フォルティス自身が選び抜いた魔法使いたちの魔法は、どれも桁違いの威力を持っていた。
「無理だと思うわ。インヴィラさんはフォルティスさんに恨みがあるようだけれど、その彼女が手出しできないと諦めていた」
ロクィアは立ち上がると、髪の毛をぐちゃぐちゃと掻き回して天井を仰いだ。
「ダメだわ。いっそのこと、全部別々の事件が、偶然重なったと思ったほうがましなくらい!」
「お嬢様、お座りください」
アンシラは、ロクィアを椅子に座らせると、どこからか取り出した櫛で、その髪を丁寧に梳いていく。乱れた髪が一筋ずつほどけていくうちに、ロクィアの尖った息も、少しずつ収まっていった。
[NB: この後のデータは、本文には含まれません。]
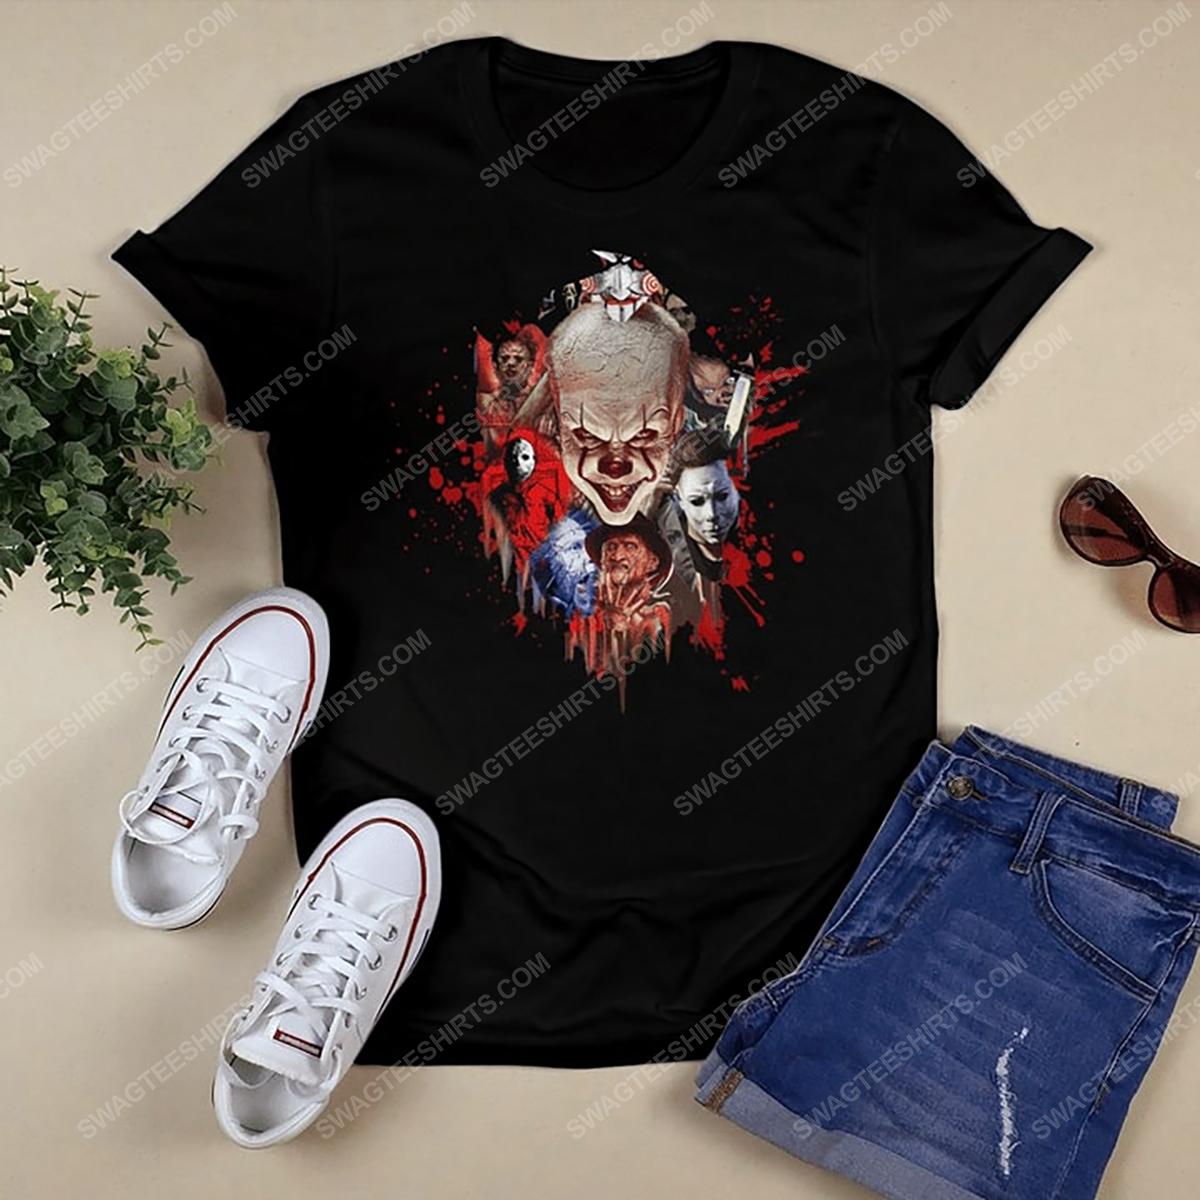 Halloween night horror movie villains with bloody tshirt 1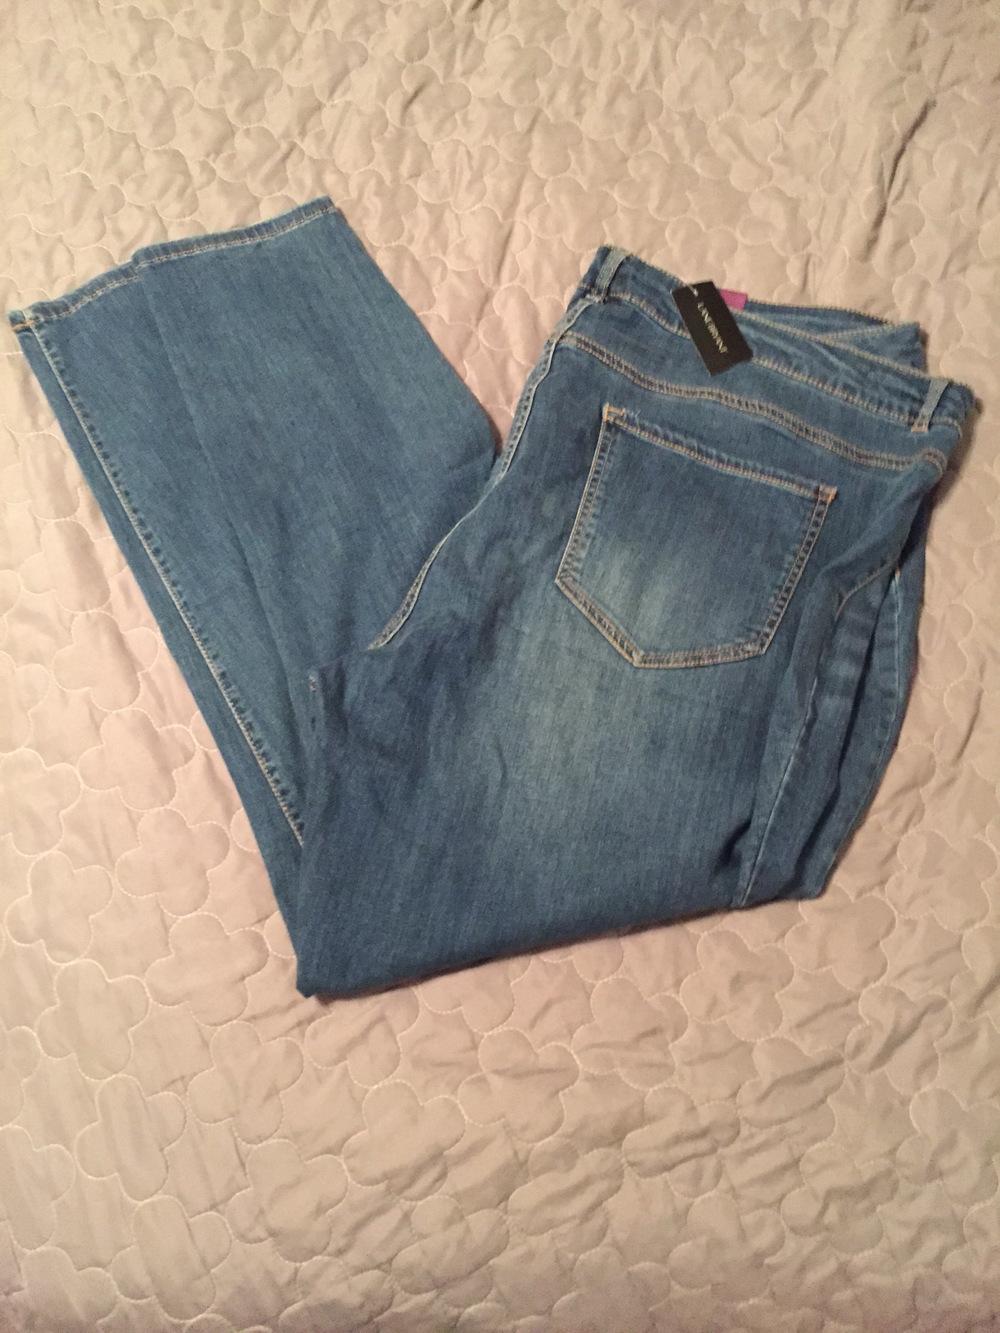 skinny jeans.jpg

しばらく髪を梳く規則正しい音に身を委ねていると、あら、と言って、アンシラがその手を止めた。
「なに! 何かに気づいた?」
「はい、気づいてしまいました」
アンシラは、ロクィアの髪の横を、両側でつまんでみせた。
「お嬢様はいつも片方だけ結んでいらっしゃいますが、両方結んでも可愛らしいのではないですか?」
「もう! 今はそんなことどうでもいいわよ。この髪型が気に入ってるんだから、余計なことしないで」
アンシラの変わらぬ態度に、ロクィアは力が抜ける気持ちだった。
ふっと息を吐き出すと、ロクィアは気を取り直して、もう一度考えを整理していく。
「……手口はいったん後回し」
ロクィアの手が無意識にこめかみに当てられると、アンシラはそっと髪から手を離した。
「アンシラが襲われた時、誰がどこにいたか。——テンプスさんは、今朝の魔法戦で気を失ったまま、自室から動けない。セクンダさんは、叔父上と今朝のいざこざの話をしていた。インヴィラさんの姿は見ていないけど、扉越しに私が声を聞いてる。あとは——」
ロクィアが名前を口にしかけたとき、扉が二度ノックされた。アンシラが扉を開くと、姿を見せたのはアウルスだった。
「叔父上。ちょうどよかった、様子はどうでしたか?」
「うむ。ケレリクトルは、床に就いておったようだ。昼間に魔法を多用して疲労したとかでな。先ほどの騒ぎには気づいておらんかったようだ」
「やはり、それだけでは、アリバイとしては弱いですね。アンシラの件だけ考えれば、怪しいのはケレリクトルさん……」
「——ですが、お嬢様は、腑に落ちておいでではありませんね」
ロクィアはカップを手に取ると、まだ残っていたお茶を一気に飲み干した。
「ひとつ、確かめたいことがあるわ」
「何かわかったのかね?」
「いいえ、叔父上。今のところは何も。でも、私たちは最初から何か勘違いしていたのかもしれません」
アンシラは、カップを受け取りながら、ロクィアの顔に浮かんだ表情を見つめた。
「お嬢様、もしやまた何か危ないことをお考えですか?」
ロクィアは肩をすくめると、少し頬を膨らませてみせた。
「まただなんて……いつも無茶をやってるみたいじゃない」
「それは失礼しました。いずれにせよ、お嬢様にはこのアンシラがついております」
アンシラの微笑みを見ると、抗議するように膨らませていた頬はすぐに元へ戻っていく。